Return descriptive information about this Valve implementation.

Specified by:

getInfo in interface Valve

Overrides:

getInfo in class ValveBase

invoke

public void invoke(Request request,
                   Response response)
            throws IOException,
                   ServletException

Specified by:

invoke in interface Valve

Specified by:

invoke in class ValveBase

Throws:

IOException

ServletException

setInternalProxies

public void setInternalProxies(String commaAllowedInternalProxies)

Comma delimited list of internal proxies. Can be expressed with regular expressions.

Default value : 10\.\d{1,3}\.\d{1,3}\.\d{1,3}, 192\.168\.\d{1,3}\.\d{1,3}, 127\.\d{1,3}\.\d{1,3}\.\d{1,3}

setRemoteIPHeader

public void setRemoteIPHeader(String remoteIPHeader)

Name of the http header from which the remote ip is extracted.

The value of this header can be comma delimited.

Default value : X-Forwarded-For

Parameters:

remoteIPHeader -

setProxiesHeader

public void setProxiesHeader(String proxiesHeader)

The proxiesHeader directive specifies a header into which mod_remoteip will collect a list of all of the intermediate client IP addresses trusted to resolve the actual remote IP. Note that intermediate RemoteIPTrustedProxy addresses are recorded in this header, while any intermediate RemoteIPInternalProxy addresses are discarded.

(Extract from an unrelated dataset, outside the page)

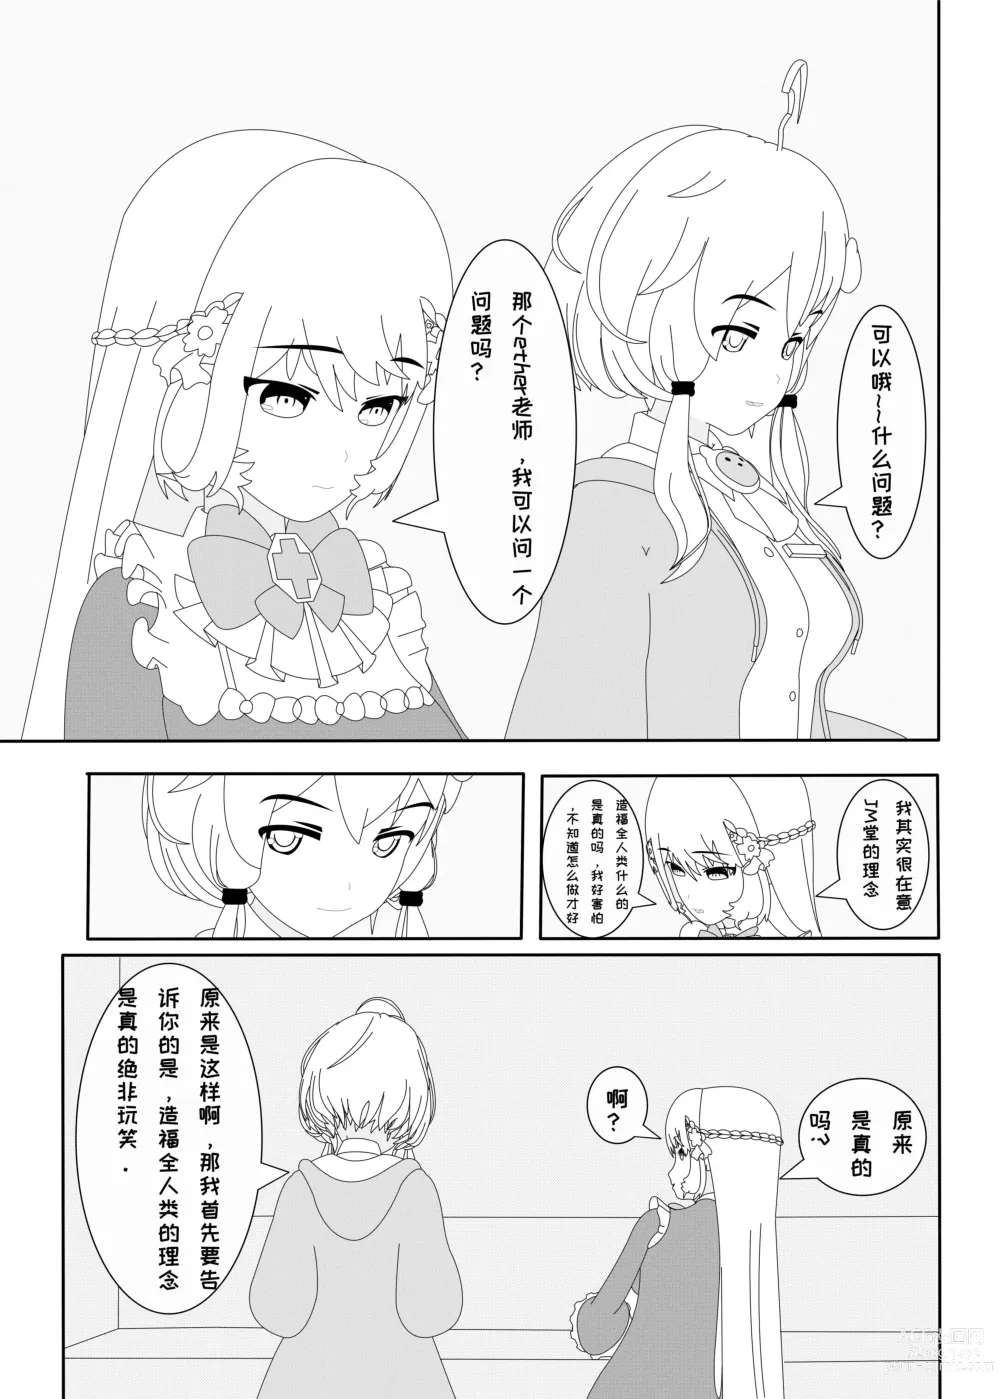 Page 9 of doujinshi 鲸之恋2（西丝特Xether）

Name of the http header that holds the list of trusted proxies that has been traversed by the http request.

The value of this header can be comma delimited.

Default value : X-Forwarded-By

setTrustedProxies

public void setTrustedProxies(String commaDelimitedTrustedProxies)

Comma delimited list of proxies that are trusted when they appear in the remoteIPHeader header. Can be expressed as a regular expression.

Default value : empty list, no external proxy is trusted.